Steirische Krautspatzen
A hearty and flavorful Styrian specialty, Krautspatzen are a type of noodle or dumpling mixed with sauerkraut and often bacon, offering a delightful balance of tangy and savory notes.

🧂 Ingredients
- 300 g All-purpose flour
- 3 large Eggs
- 100 ml Milk
- 1 tsp Salt
- 500 g Sauerkraut(drained and roughly chopped)
- 150 g Bacon(diced)
- 1 medium Onion(finely chopped)
- 2 tbsp Butter
- 1 tsp Caraway seeds(optional)
- 2 tbsp Fresh chives(chopped, for garnish)
👨🍳 Instructions
- 1
Prepare the Spatzen dough: Whisk together flour, eggs, milk, and salt until a smooth, thick batter forms. It should be pourable but not too runny.
💡 Tip: The consistency should be similar to thick pancake batter. - 2
Bring a large pot of salted water to a rolling boil.

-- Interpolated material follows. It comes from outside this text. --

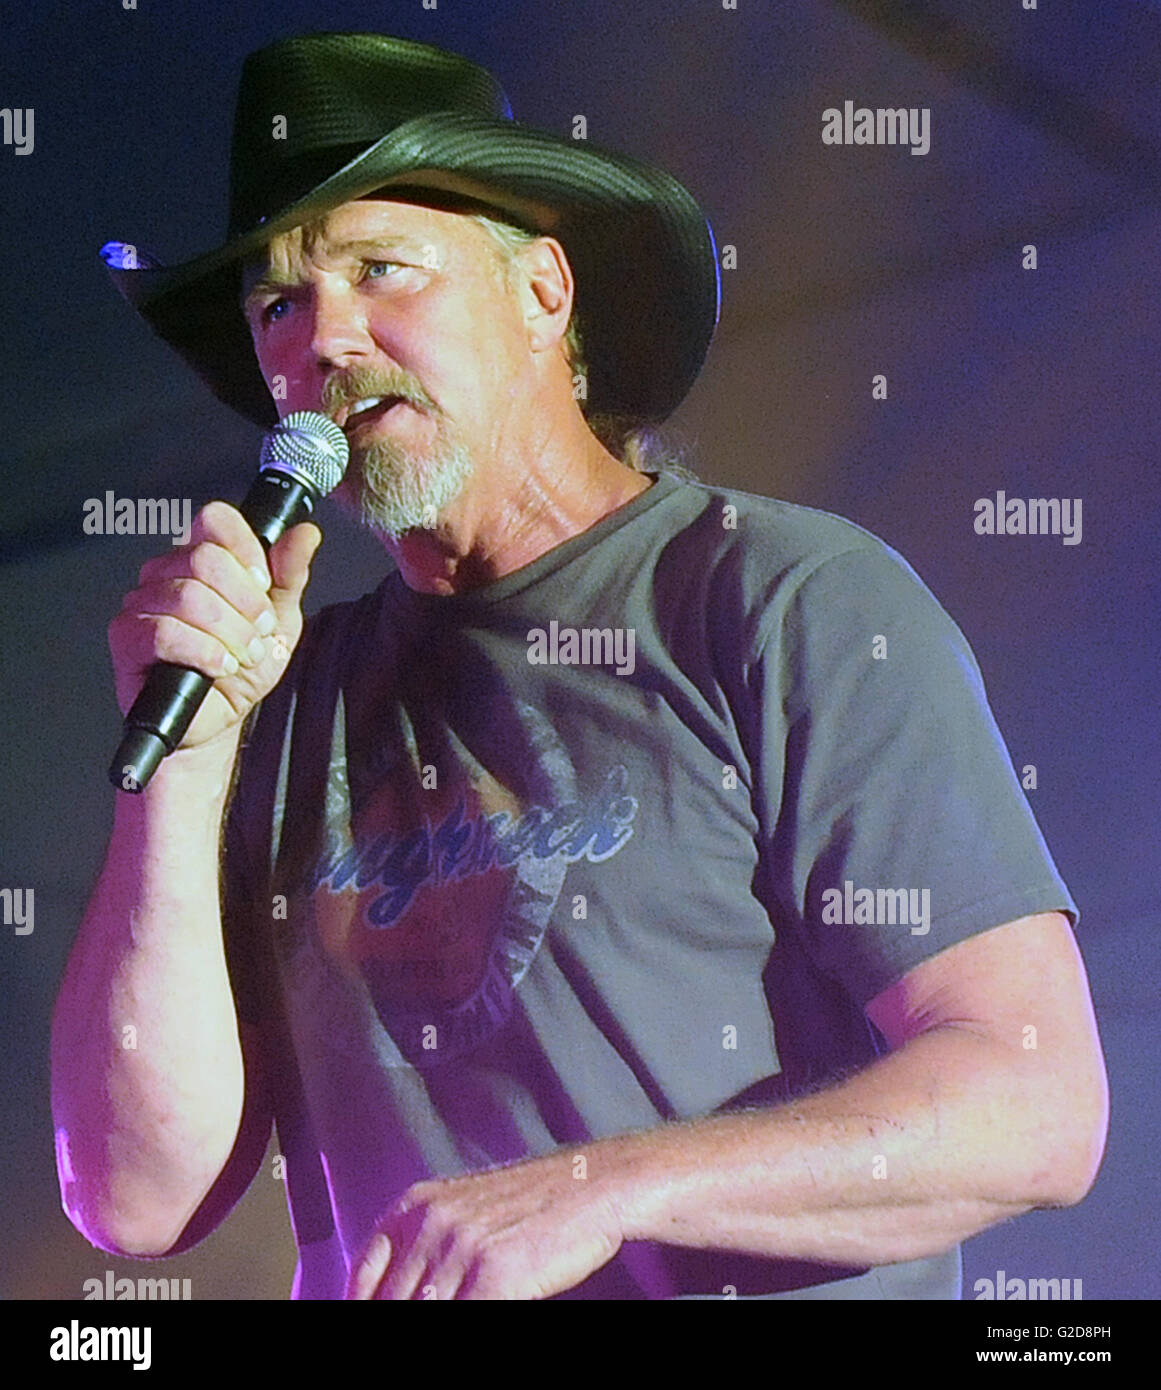 Daytona Beach, Florida, USA. 27th May, 2016. Country singer Trace Adkins performs at the Country 500 Great American Music Fest at Daytona, held at the Daytona International Speedway in Daytona Beach, Florida on May 27, 2016. The three day event over Memorial Day weekend was scheduled to feature nearly 40 country music artists on two stages. Credit:  Paul Hennessy/Alamy Live News Stock Photo

💡 Tip: Use a Spätzle maker, a colander with large holes, or a cutting board and knife to cut small pieces of dough directly into the boiling water. - 3
Cook the Spatzen in batches. Drop small portions of the dough into the boiling water. Once they float to the surface (about 2-3 minutes), they are cooked. Remove with a slotted spoon and set aside.
- 4
In a large pan, cook the diced bacon until crispy. Remove bacon and set aside, leaving the rendered fat in the pan.
- 5
Add the chopped onion to the bacon fat and sauté until softened and translucent. Add the drained sauerkraut and caraway seeds (if using), and cook for about 5-7 minutes until slightly tender.
- 6
Add the cooked Spatzen and the crispy bacon back into the pan with the sauerkraut and onions. Add butter and toss everything together gently until well combined and heated through.

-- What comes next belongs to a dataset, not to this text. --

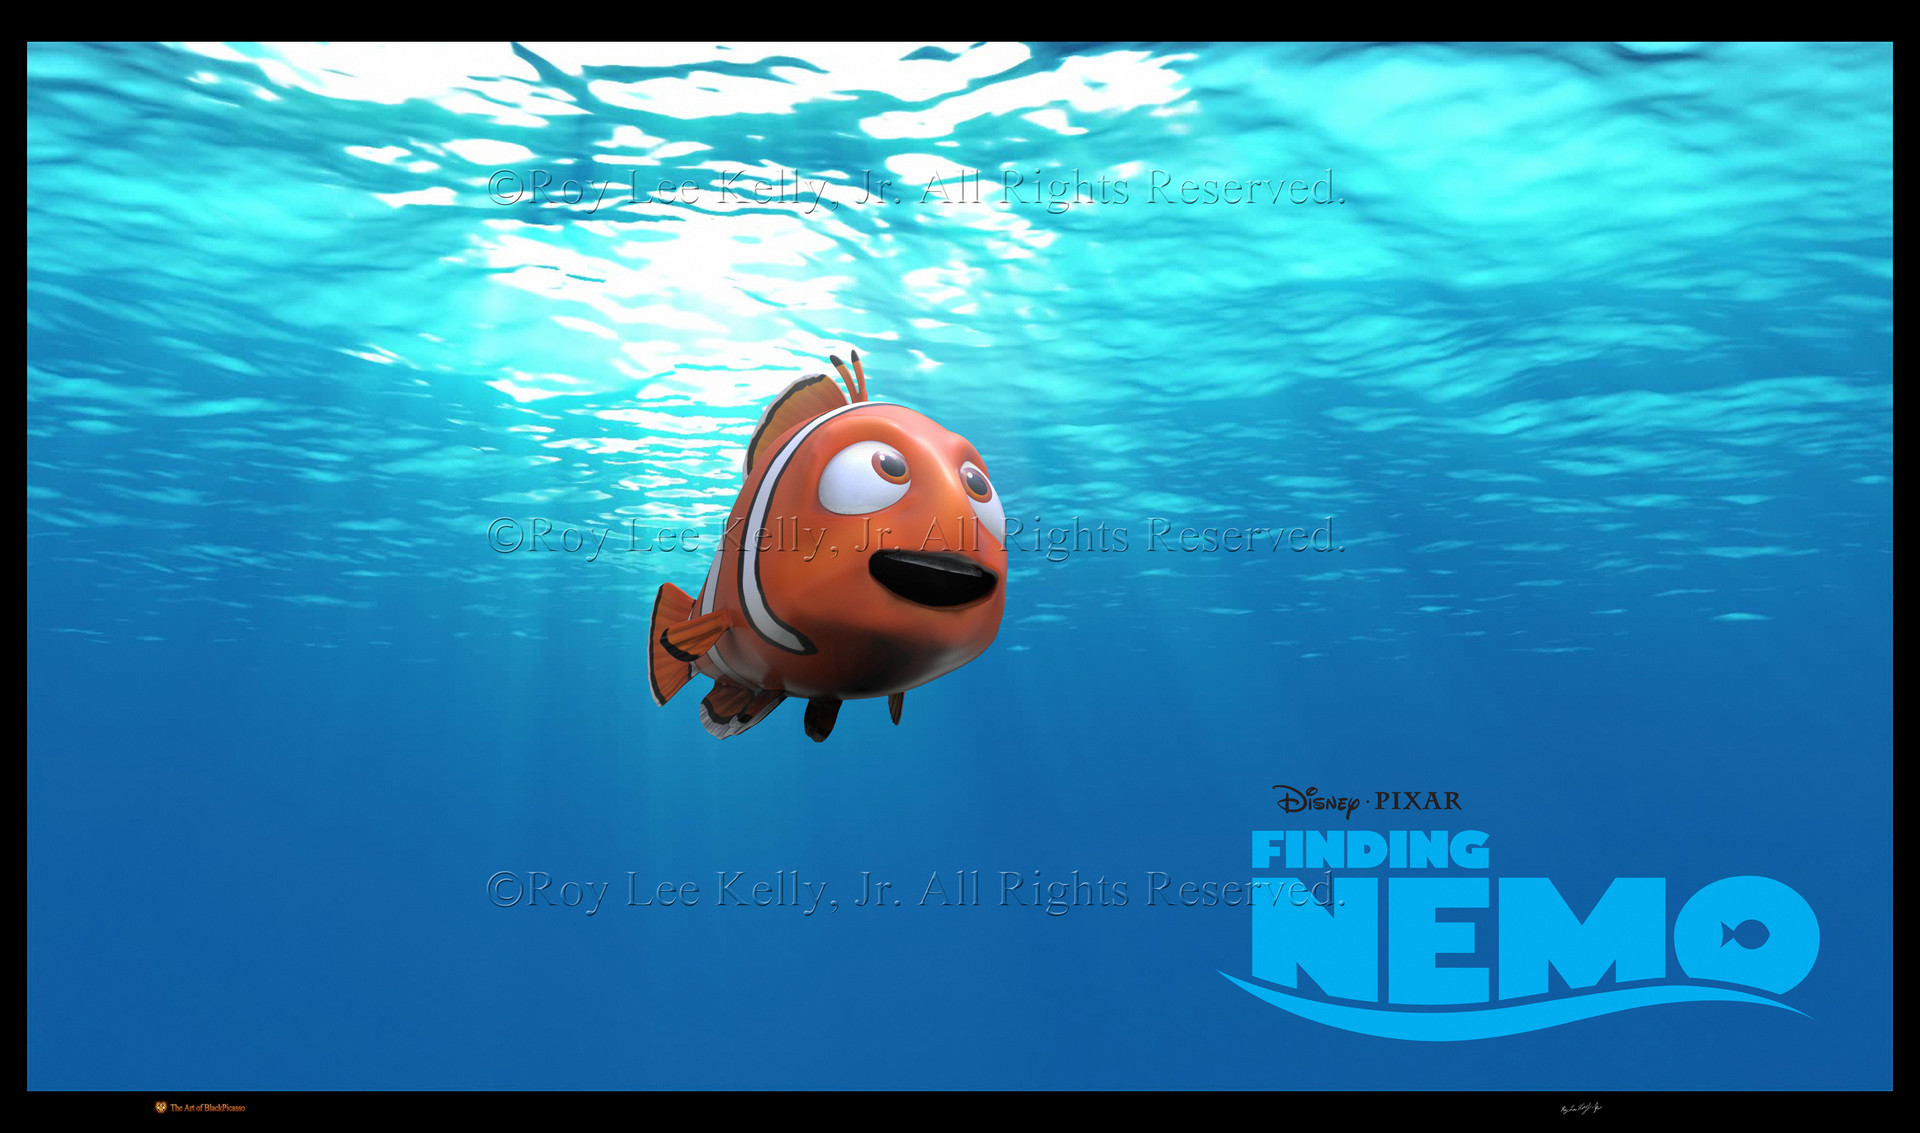 Roy Kelly, Jr. - Finding Nemo and Dory

💡 Tip: Be careful not to break the Spatzen. - 7
Serve hot, garnished with fresh chives.
💡 Pro Tips
- ✓Ensure the sauerkraut is well-drained to avoid a watery dish.

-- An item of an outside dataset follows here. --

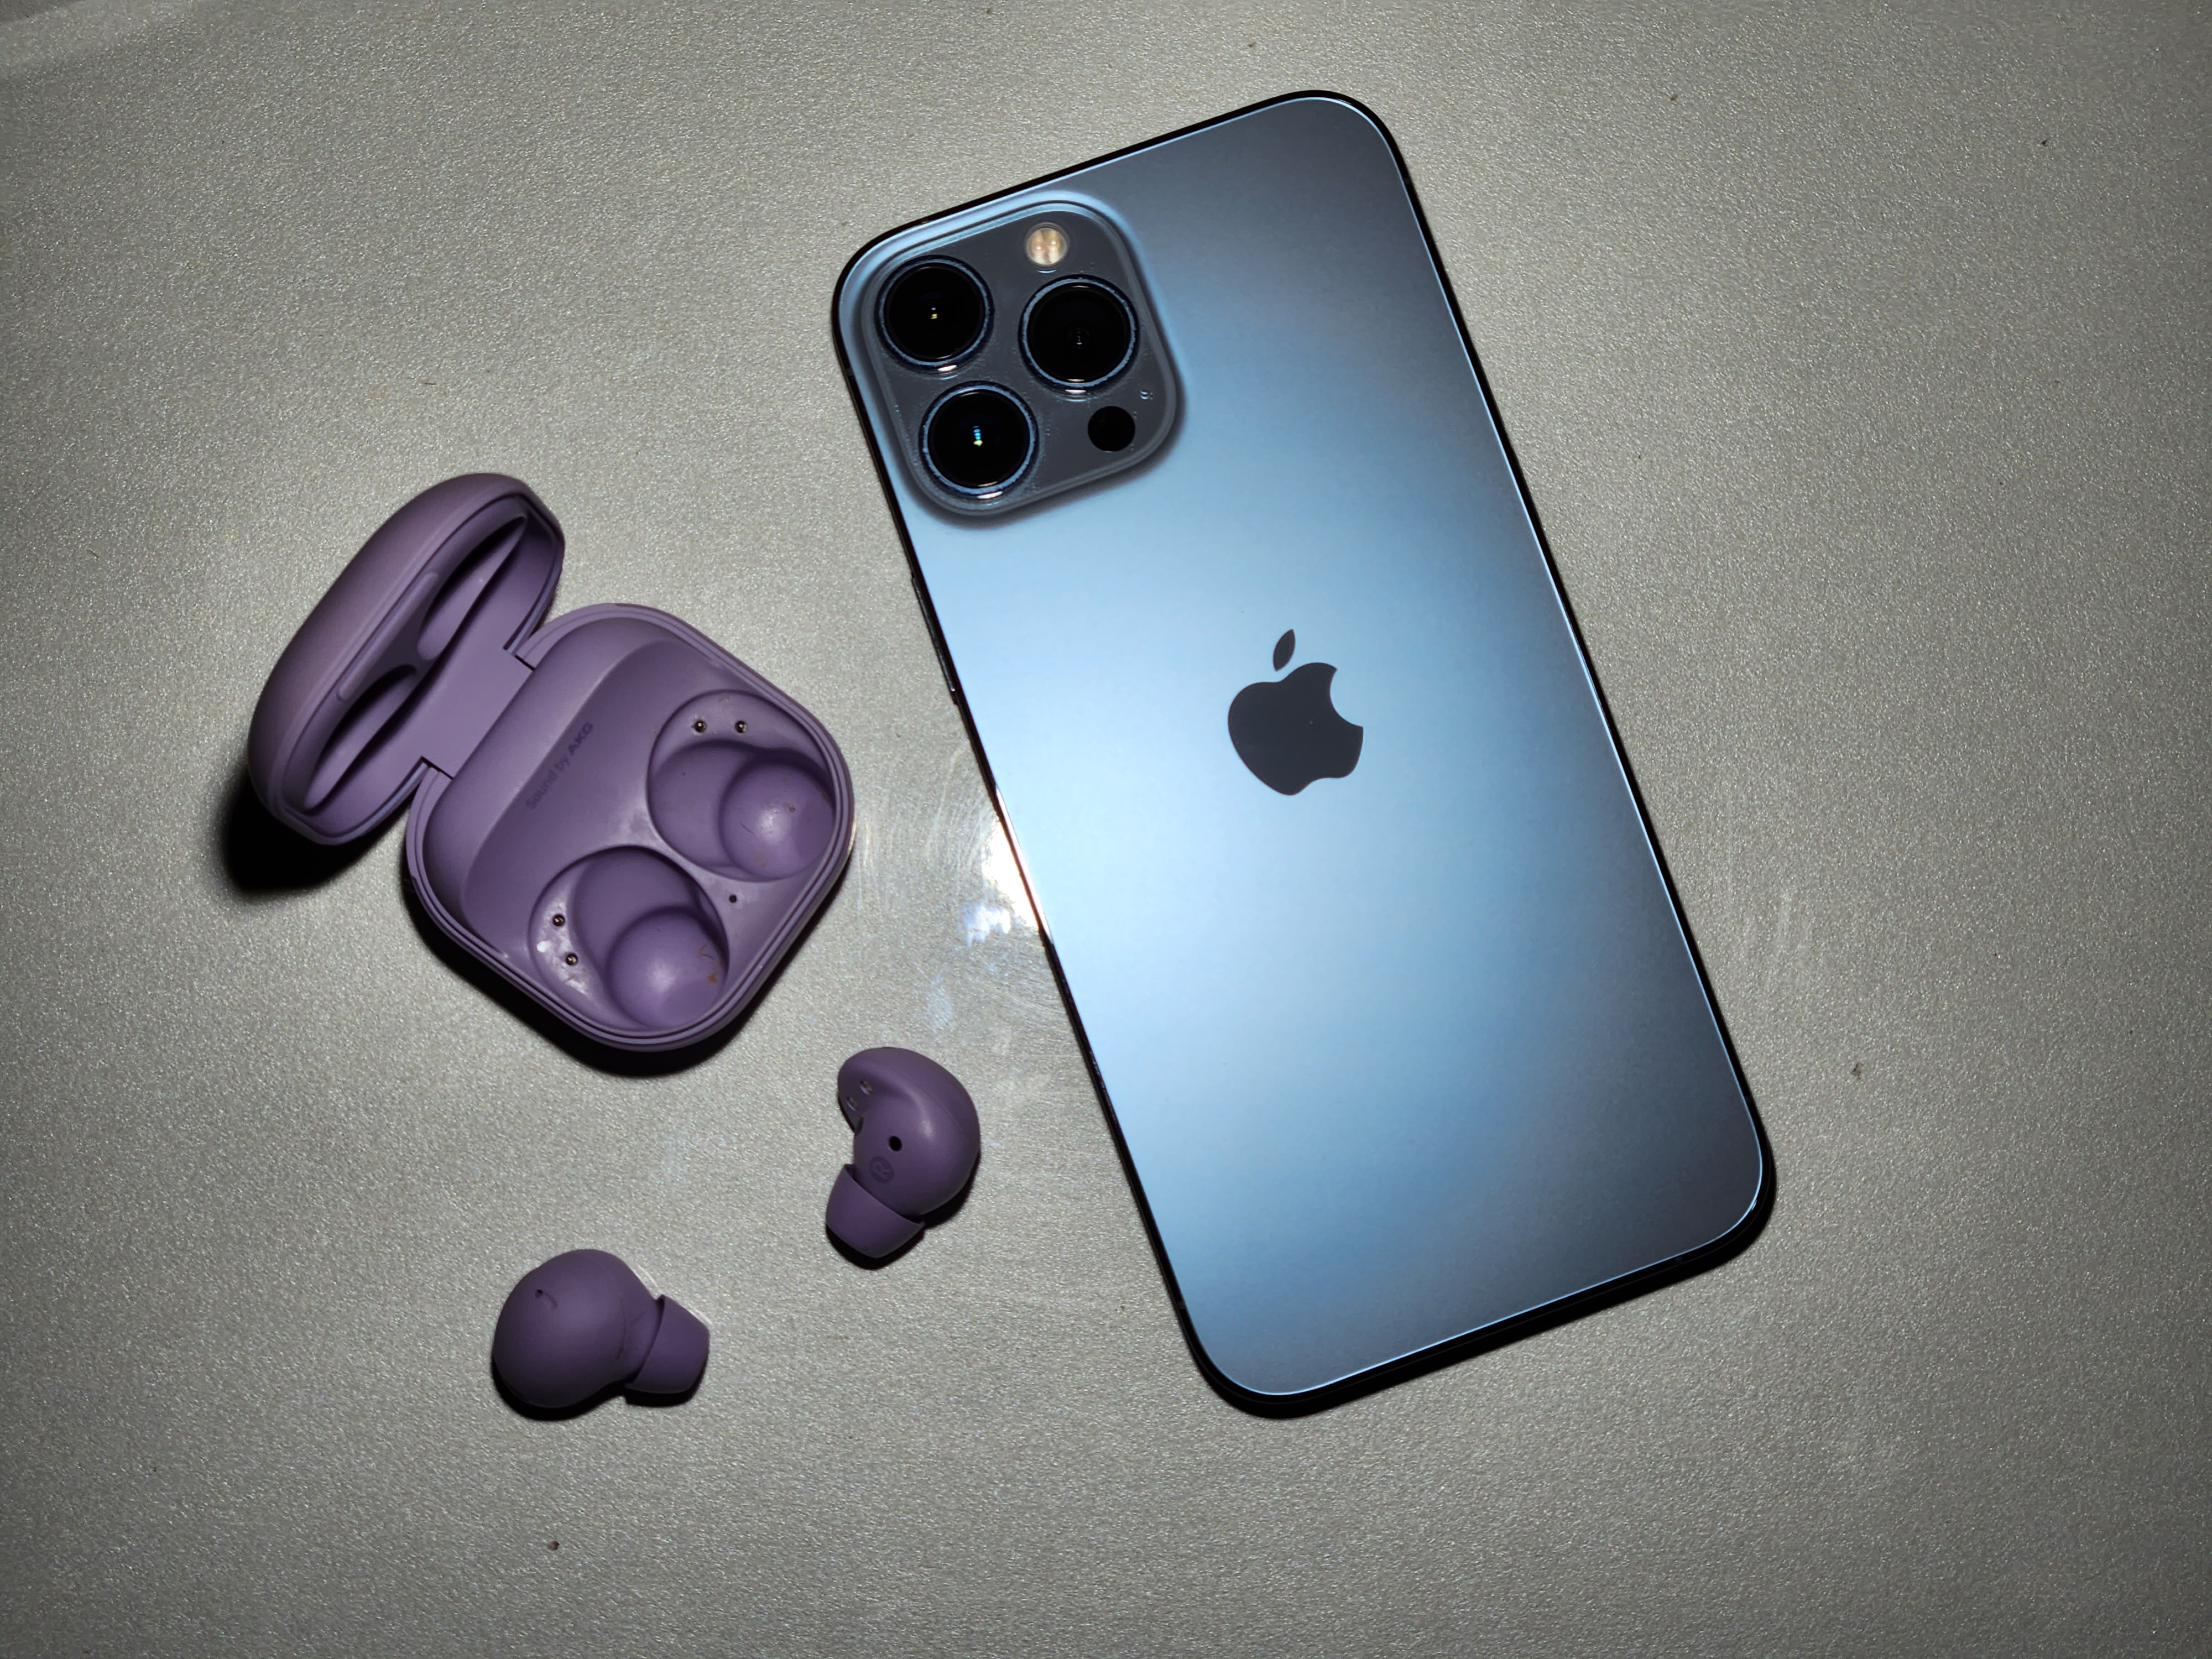 Galaxy Buds 2 Pro with iPhone 13 Pro Max on a table

- ✓Don't overcook the Spatzen; they should be slightly firm to the bite (al dente).
- ✓Adjust the amount of caraway seeds to your preference.
🔄 Variations
- Add some smoked paprika for a deeper flavor.
- Serve with a dollop of sour cream or plain yogurt.
- For a vegetarian version, omit the bacon and sauté the onions in butter or oil, adding a pinch of smoked salt for depth.